Thai court rules against crackdown on protests
Thailand's Civil Court Wednesday ruled that the emergency decree imposed in Bangkok and adjacent areas cannot be used as a reason to crack down on anti-government protests.
The court also banned the use of force against protestors, stating that the demonstrations have been peaceful so far, the Nation newspaper reported.
The court, however, refused to revoke the emergency decree as former Democrat MP Thaworn Saeniam requested.
Several thousand protestors Wednesday besieged the Office of the Permanent Secretary for Defence, which caretaker Prime Minister Yingluck Shinawatra has used as a temporary workplace, to demand that Yingluck step down, Xinhua reported.
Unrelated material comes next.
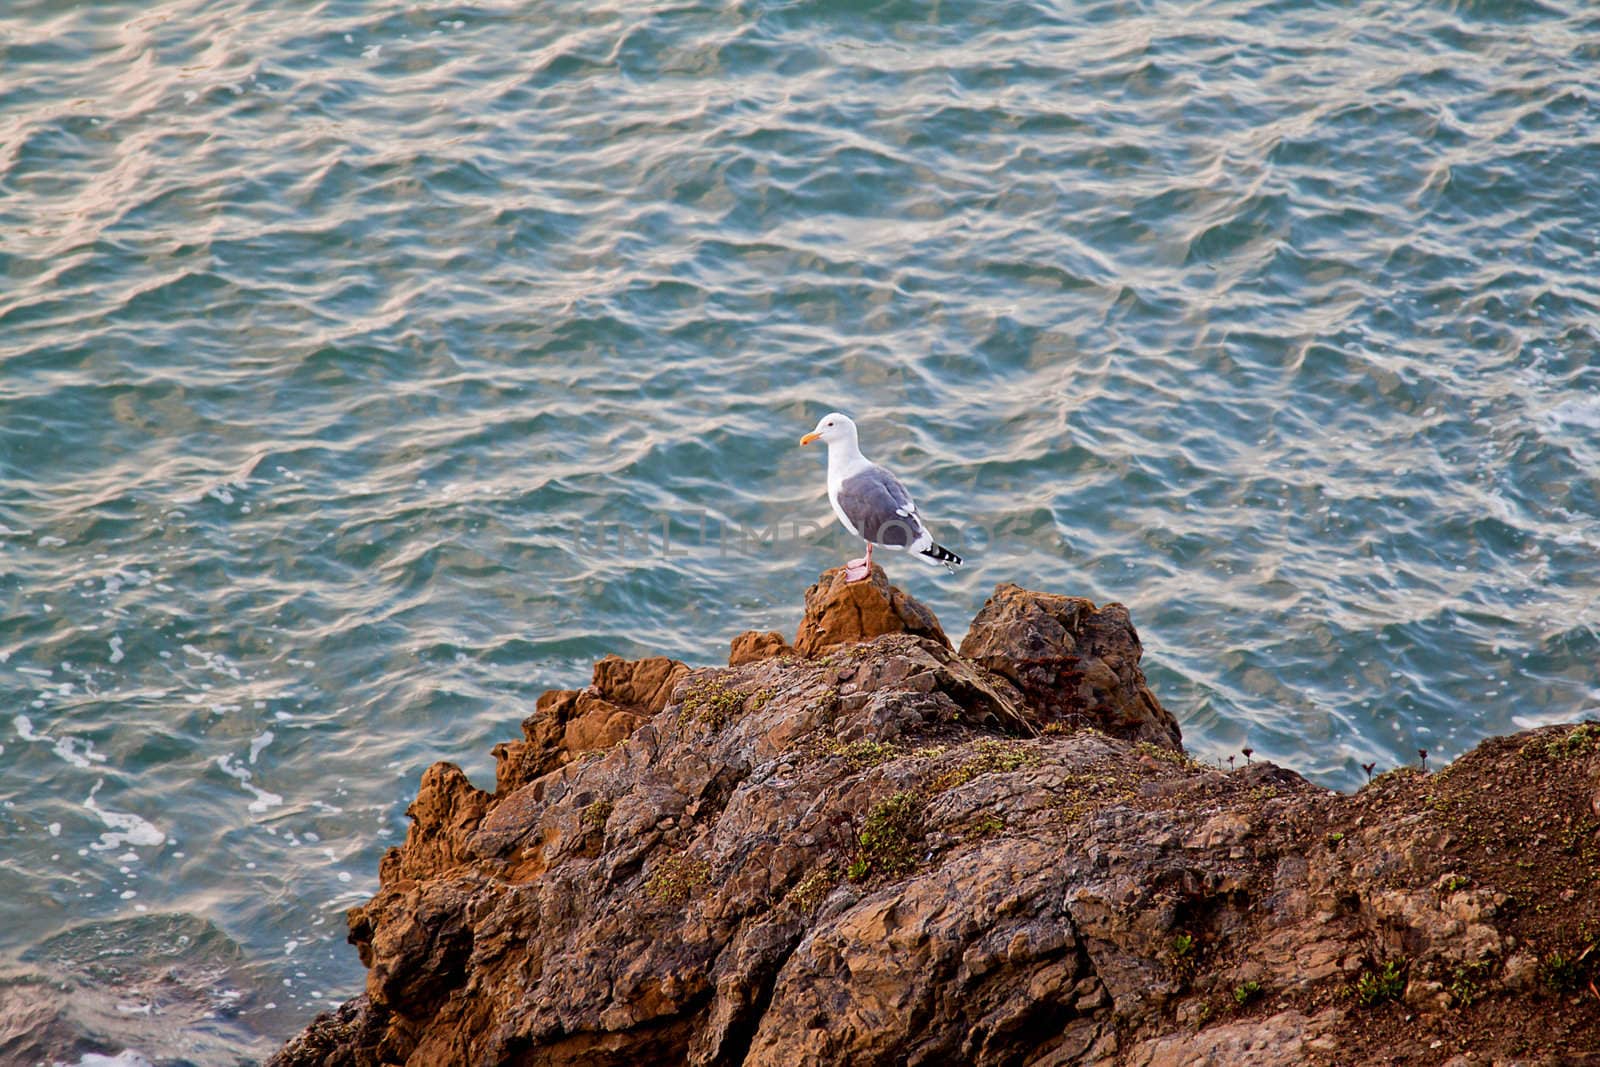 A seagull on the rock by the sea
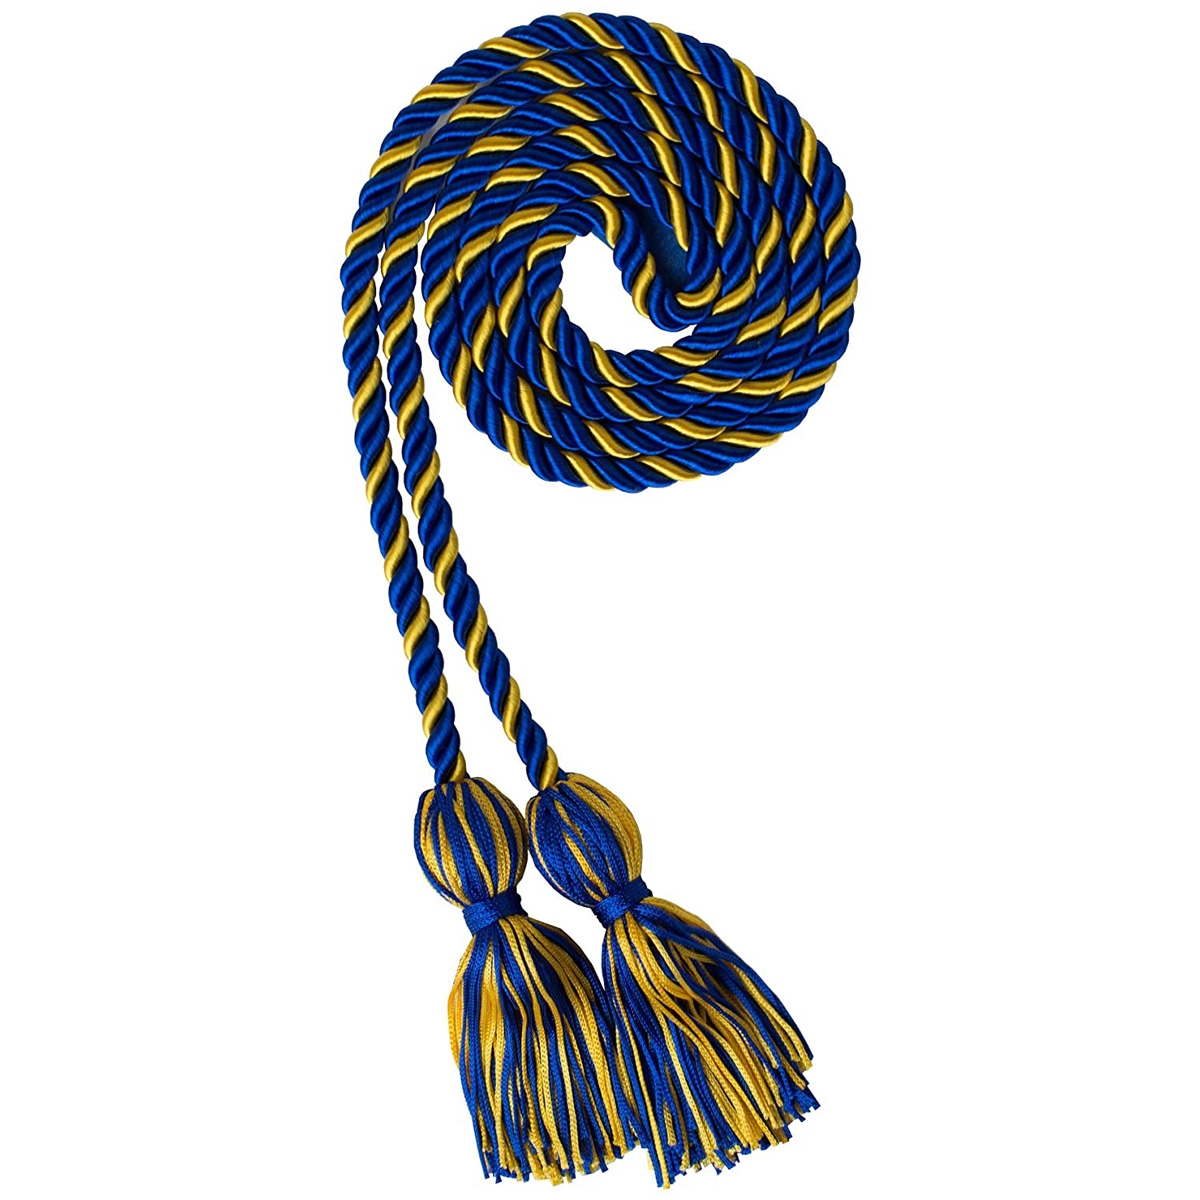 Class Act Graduation 60 Academic Honor Cord, Royal Blue & Gold Braided

But Yingluck failed to show up.
The protestors were also joined by hundreds of farmers who traveled from the commerce ministry to pressure the caretaker government to make overdue payments owed under the rice-pledging scheme.
Reportedly, the farmers locked up the gates of the commerce ministry with chains to prevent civil servants from working there.
Later in the day, protest leader Suthep Thaugsuban pledged to escalate the protest to a new level and attack businesses of the Shinawatra family.
It is reported that 182 protestors, who were detained during a police operation Tuesday while security were retaking five rally sites in the capital, have been released on bail. But the requests to release two protest leaders have been rejected.
A clash occurred between the police and protestors during the police operation, leaving five people dead and 70 others injured.